Torna-se então mais fácil trazer artistas como estes porque tocar no festival é a garantia de que têm um dia seu. E junta-se a isso o facto da organização dispôr os dias do festival ao longo de julho com alguma flexibilidade consoante a sua disponibilidade. “O que os artistas sentiram sempre ao vir ao longo destes anos ao festival é que, em primeiro lugar, eu não coloco a exigência de tocarem a um fim de semana. Podem tocar durante a semana e isso é uma mais-valia para si, porque a maior parte dos outros festivais concentram-se num fim de semana. Claro que, quando se trata de um artista muito grande que tenha, imagino, uma abrangência que chame pessoas não só de todo o país como de Espanha até, claramente tentamos que seja a um sábado. Mas também se não for, a adesão continua na mesma, porque são realmente momentos icónicos, de artistas icónicos”, defende.
Outro aspeto ainda que ajudou o Cooljazz a diferenciar-se ao longo destes 20 anos é o facto de ser um festival que privilegia o conforto. “Este é um festival com plateia sentada, com cadeira reservada. Também tem a plateia em pé, mas a maior parte dos bilhetes são bilhetes sentados. A pessoa vem e não tem de vir a correr com o risco de não ficar a ver lá à frente. Não, as pessoas escolhem se ficam na plateia da frente ou se ficam em pé.

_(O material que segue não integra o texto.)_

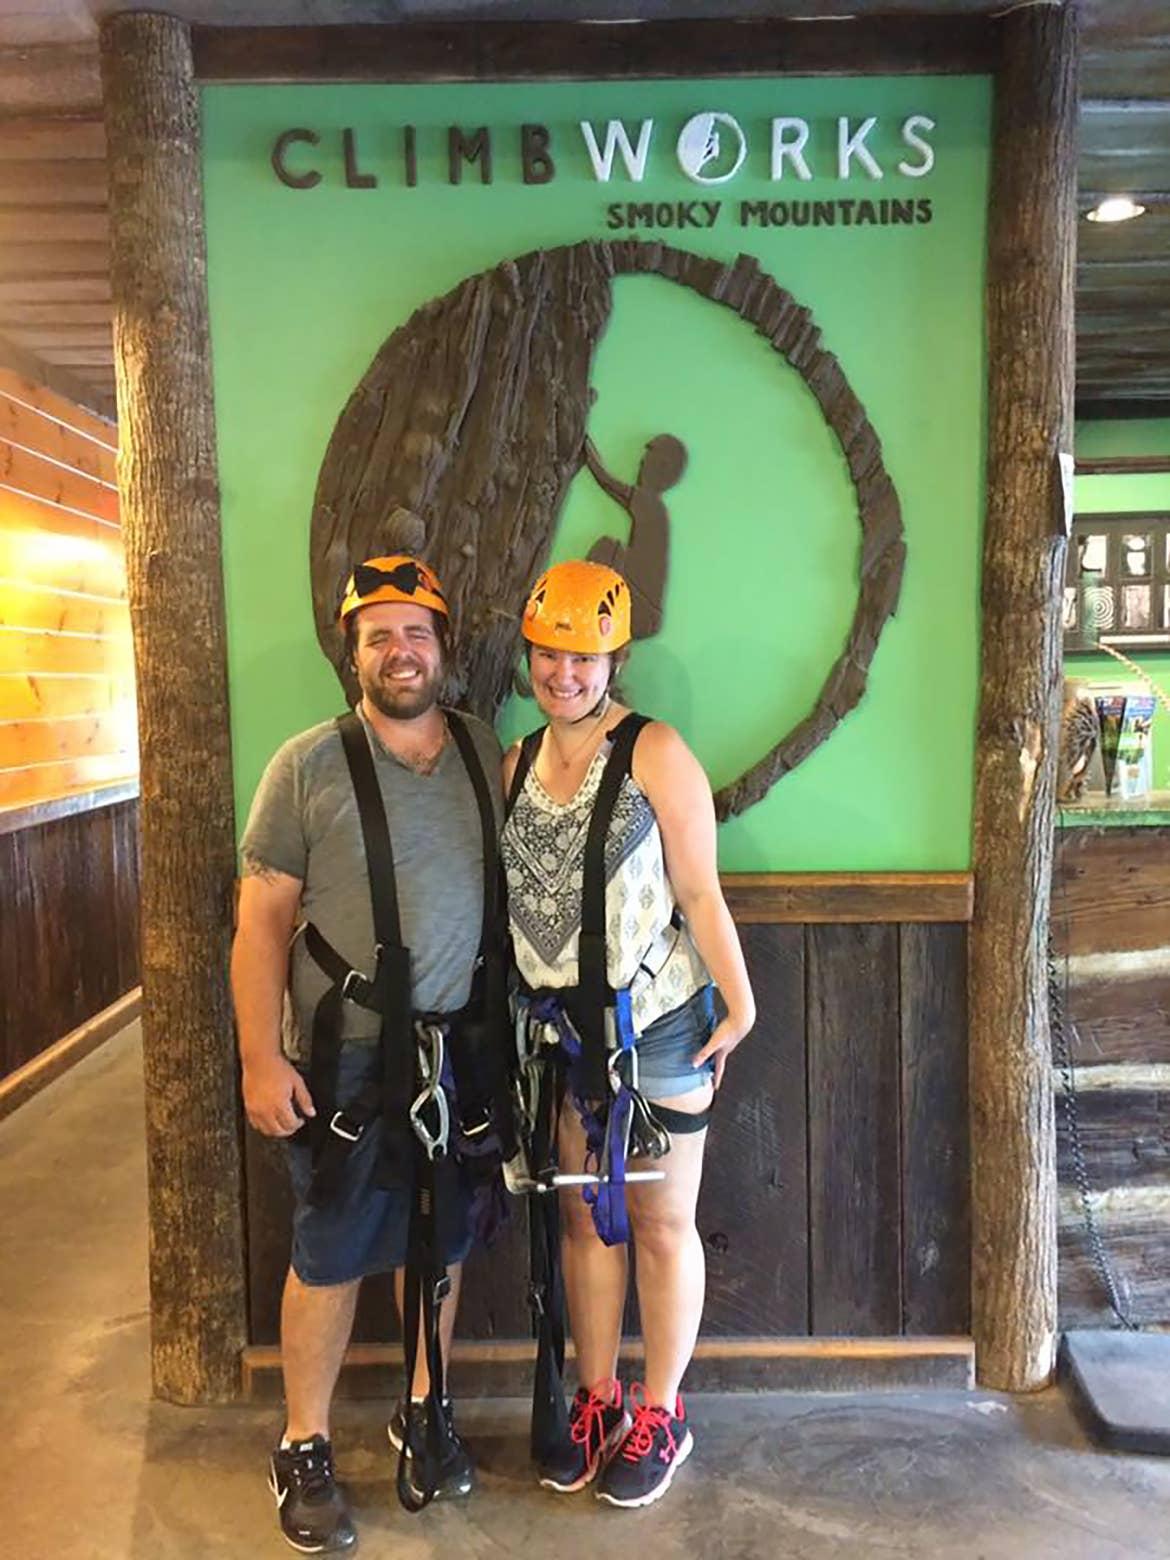 Becca and her husband wearing ziplining gear
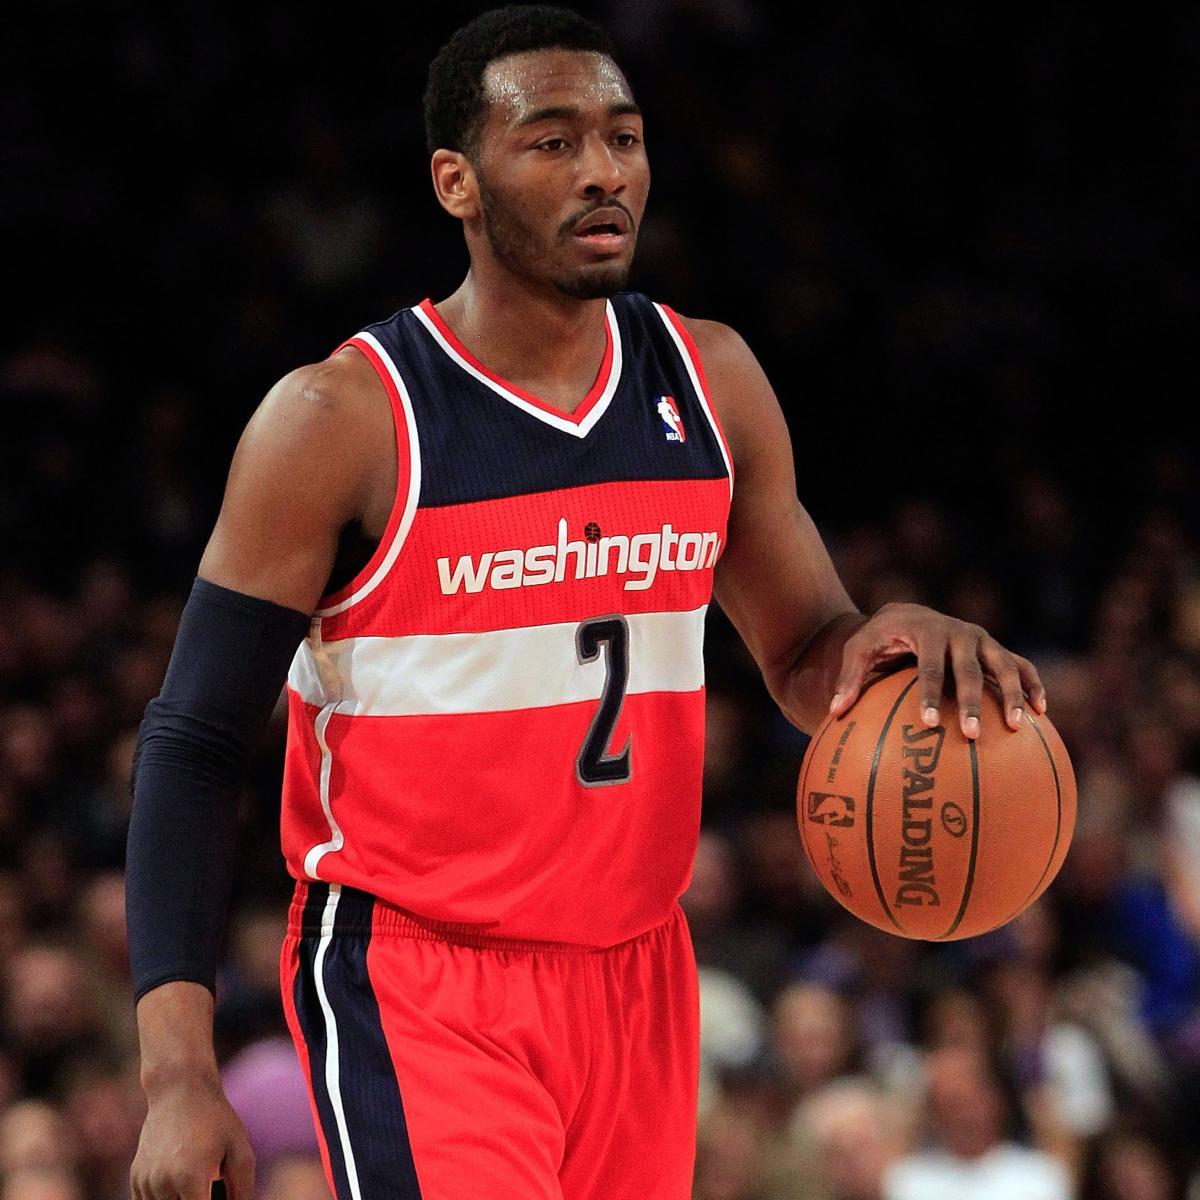 NBA News: Latest Injury Updates On John Wall, Andrew Bynum

E, portanto, há aqui uma escolha tão democrática para vários segmentos que vêm assistir ao mesmo concerto, de acordo com o dinheiro que cada um tem, que isso tem sido a mais-valia deste festival”, argumenta Karla Campos. Dando o exemplo de 26 de julho, que tem Diana Krall como principal atração, a promotora diz que “o bilhete mais à frente, em frente ao palco, está à volta dos 70 euros, mas depois em pé — sendo que, claro, para assistir a Diana Krall, quem puder vai fazê-lo sentado — acaba em 30 euros. Com 30 euros paga-se por um bilhete para assistir a quatro concertos: a Diana Krall, Manuel Oliveira Trio, as Jazz Sessions quando o festival começa e as Late Nights quando fecha. Pagas 30 euros e vês quatro concertos. É economicamente atrativo”, defende.
Na sequência dessa ideia, a promotora destaca também o cariz modal do festival, que aumenta ou diminui o número de lugares sentados ou de espaço para a plateia em pé conforme o tipo de concerto consoante o dia e o público. “Há aqui uma preocupação minha com o conforto. Costumo dizer que é ‘tailor-made’, porque cada noite é diferente da anterior”. Se “numa Diana Krall, vais ter cadeiras até lá atrás, porque é um tipo de música que é para assistir sentado” e atrai um público mais velho, com maior poder aquisitivo e que privilegia mais o conforto, com Air trata-se de “um concerto de música tranquila e calma, mas para um público um bocado mais jovem e talvez com menos possibilidades financeiras, sendo que temos menos cadeiras e muito mais gente em pé”. “Cada dia é adaptado ao público/artista, é preciso ter sempre isto em conta, por isso tem sido desta maneira. Parece fácil, mas não é”, sublinha.